> [Work request]
Omit all pictures, then retype exactly the lines from the one that contains "習慣にできそうなハンドケアで手を労わってあげましょう!" through the end of the listing.

> [Data section]
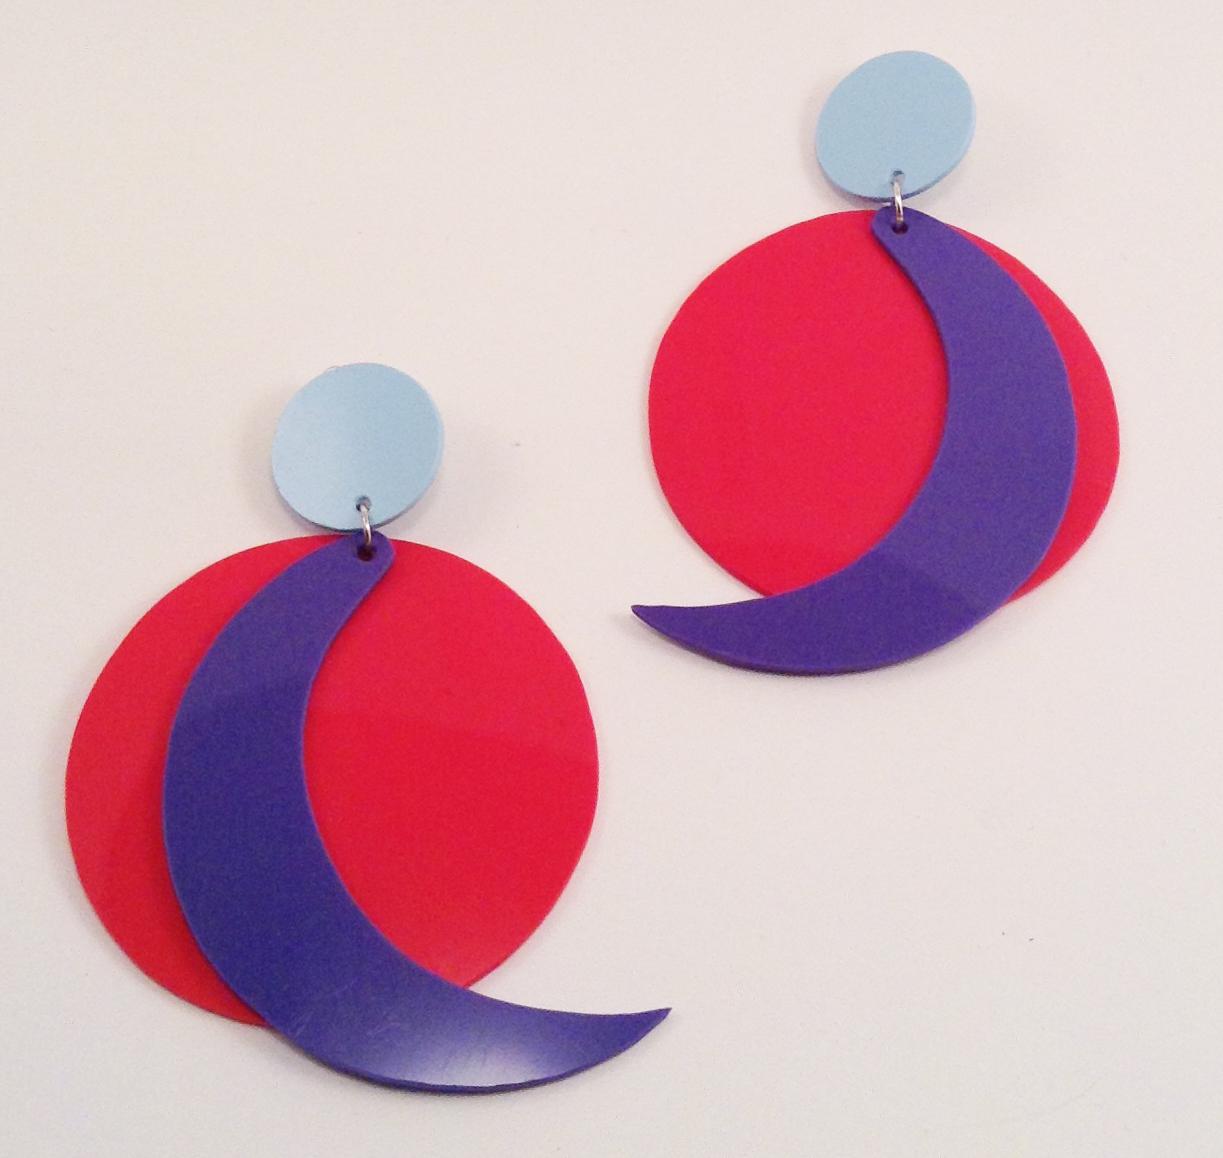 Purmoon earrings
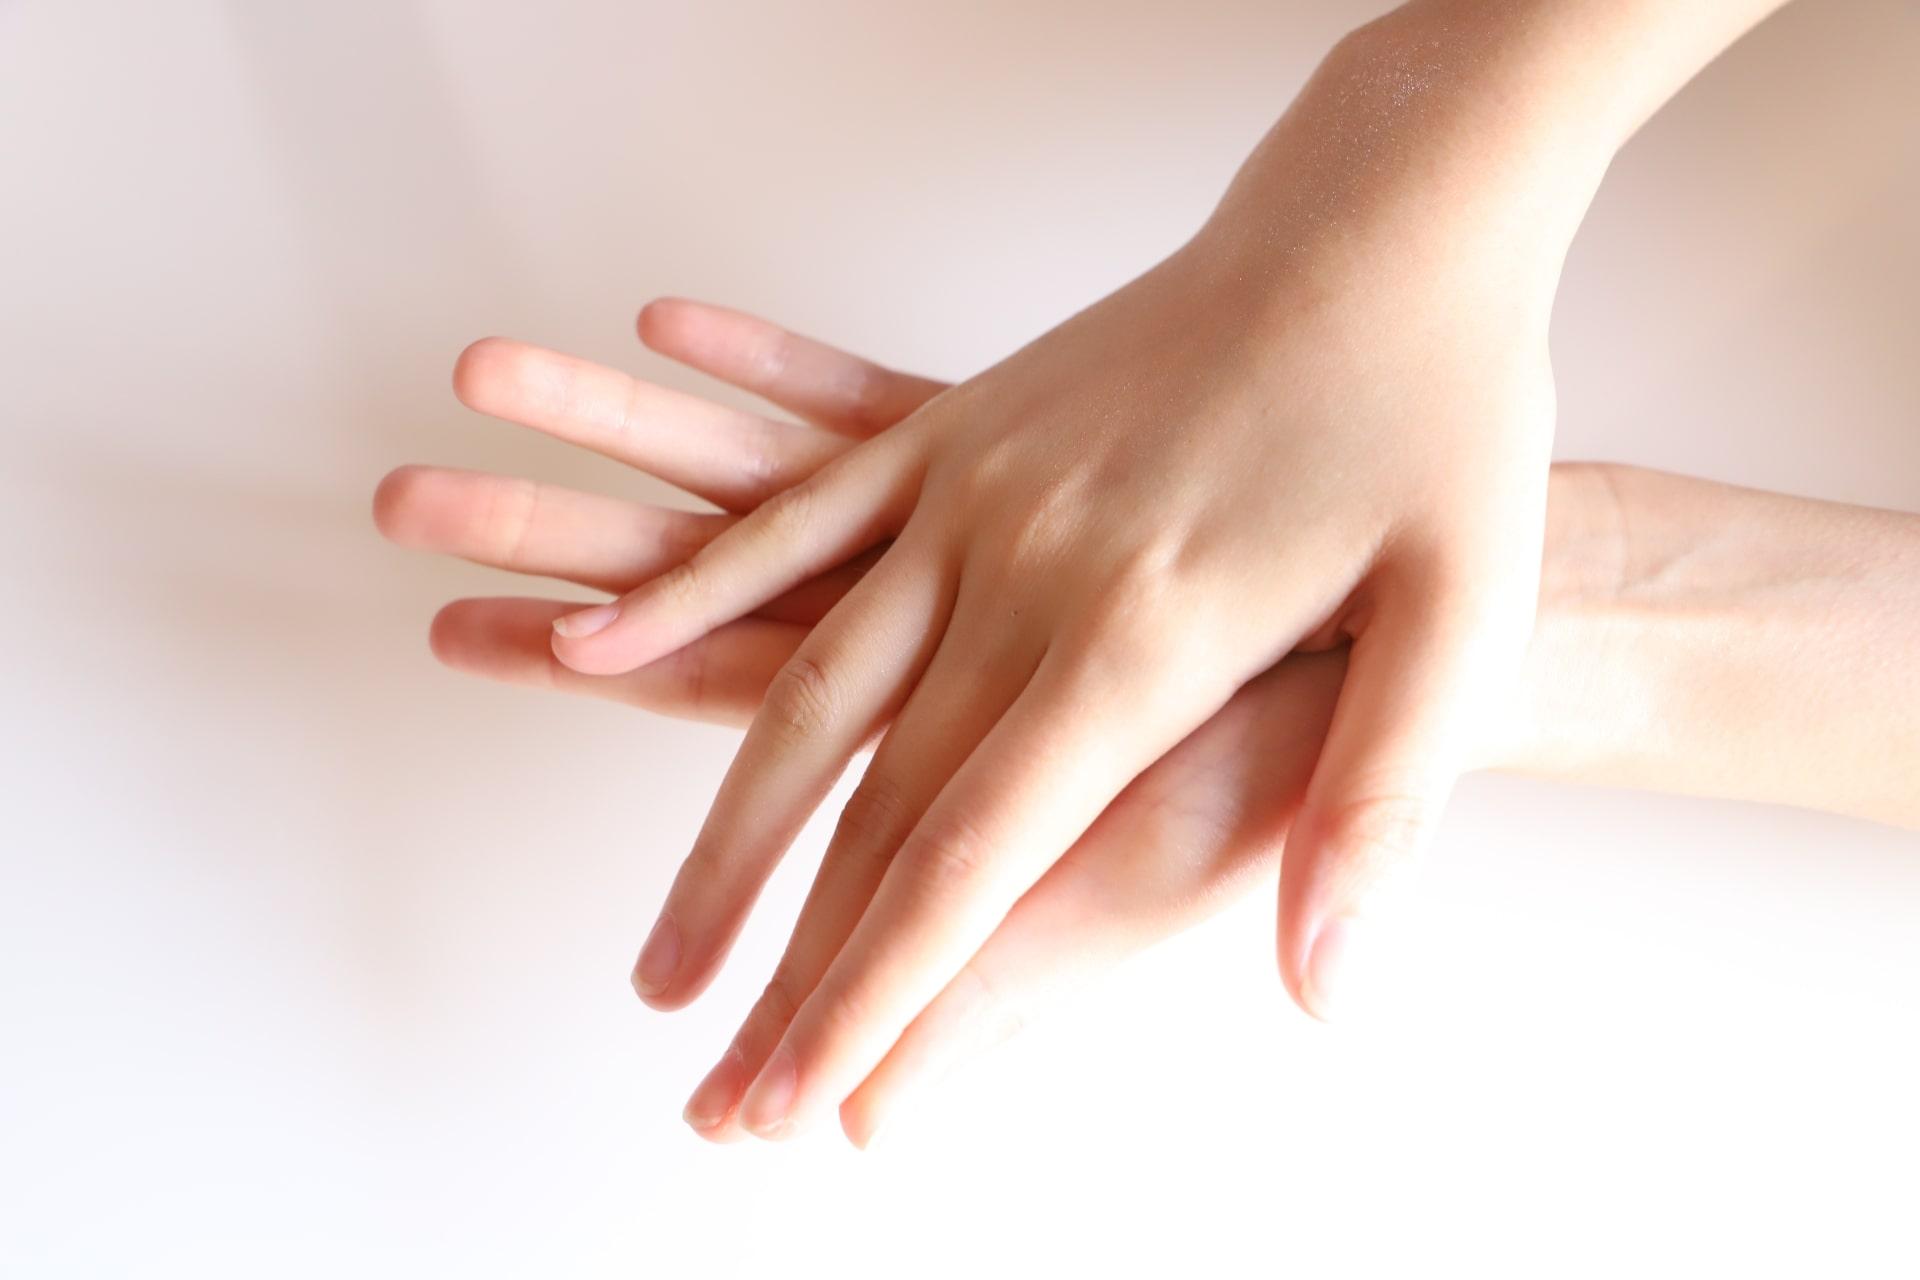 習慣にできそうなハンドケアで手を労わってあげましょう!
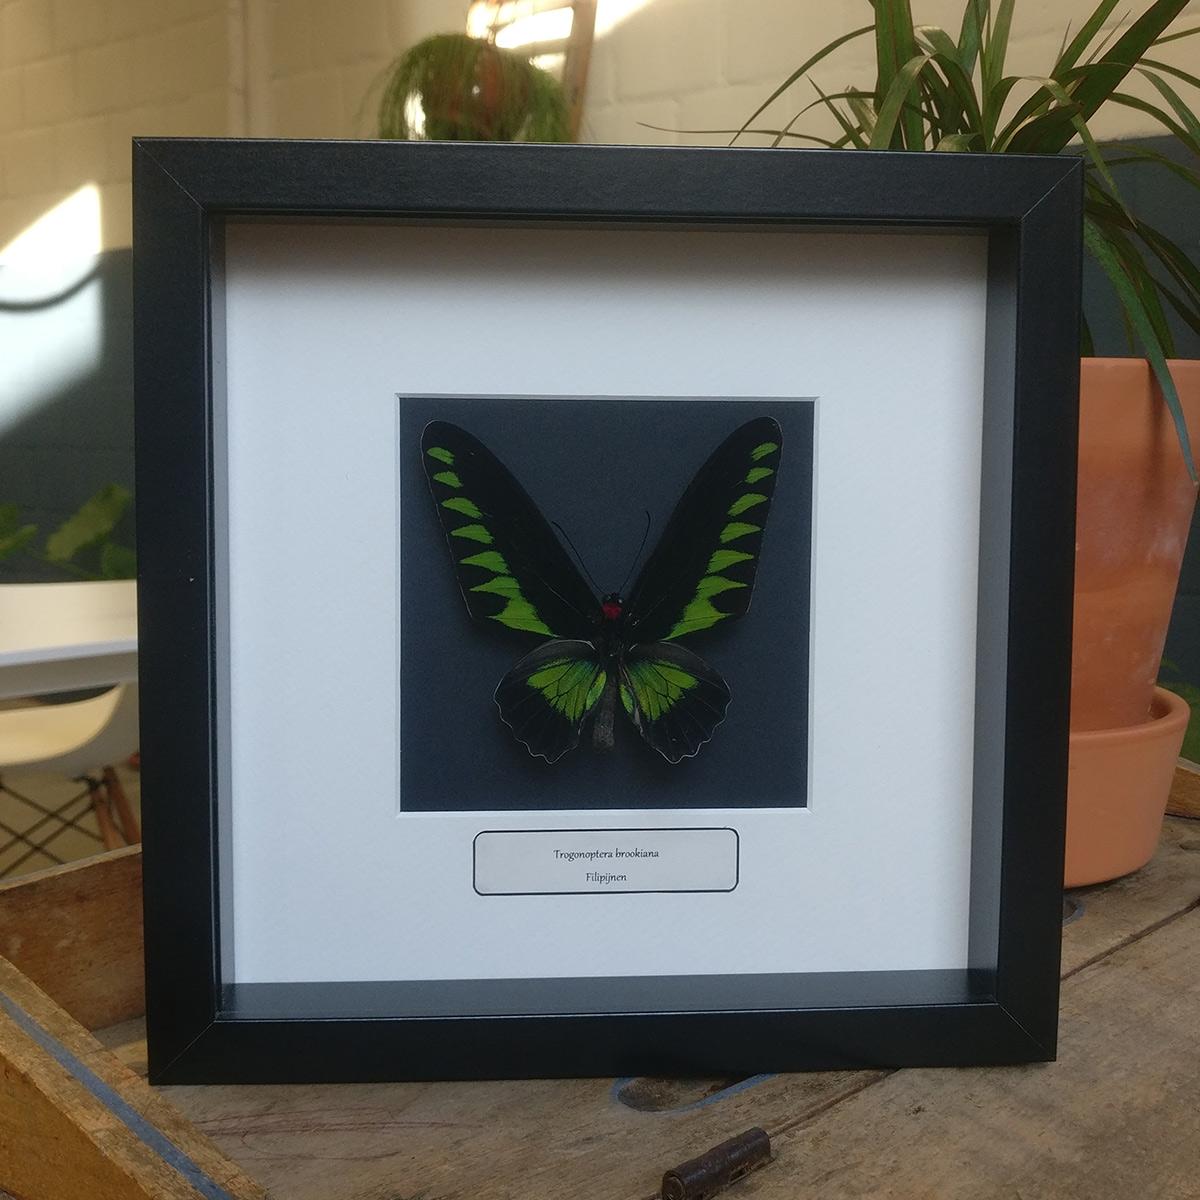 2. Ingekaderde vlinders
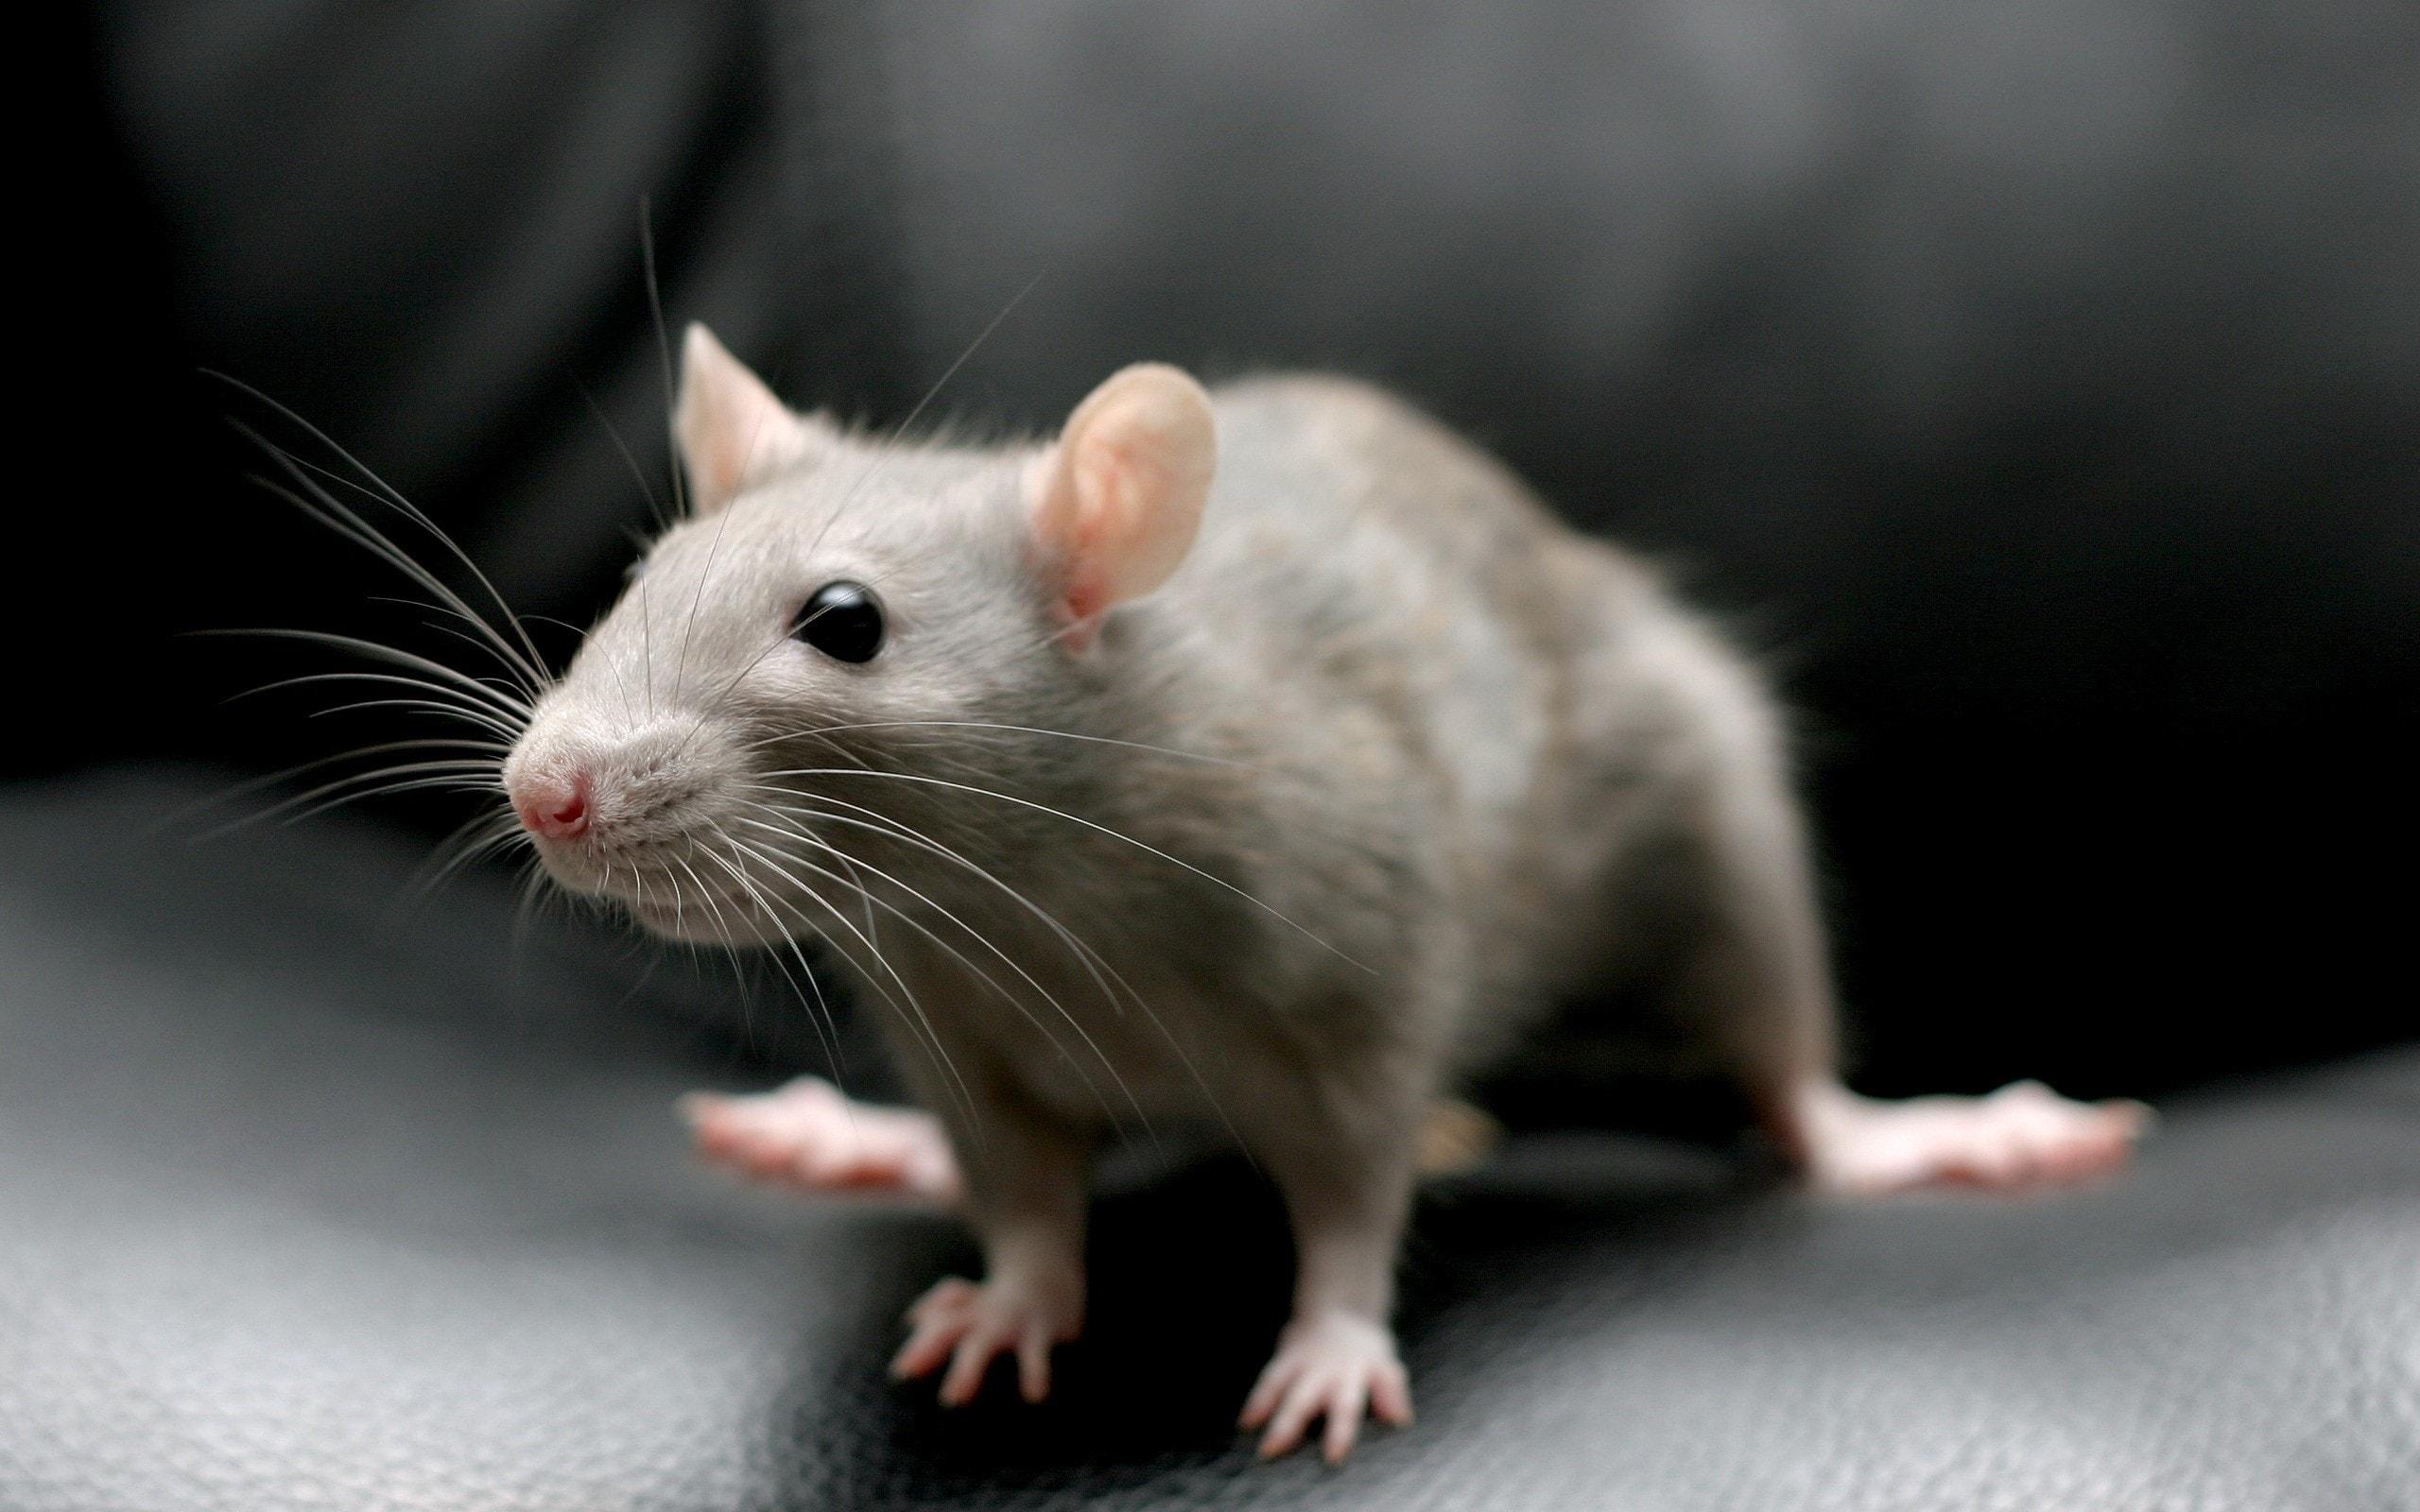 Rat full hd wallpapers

> [Expected output]
 習慣にできそうなハンドケアで手を労わってあげましょう!
 2. Ingekaderde vlinders
 Rat full hd wallpapers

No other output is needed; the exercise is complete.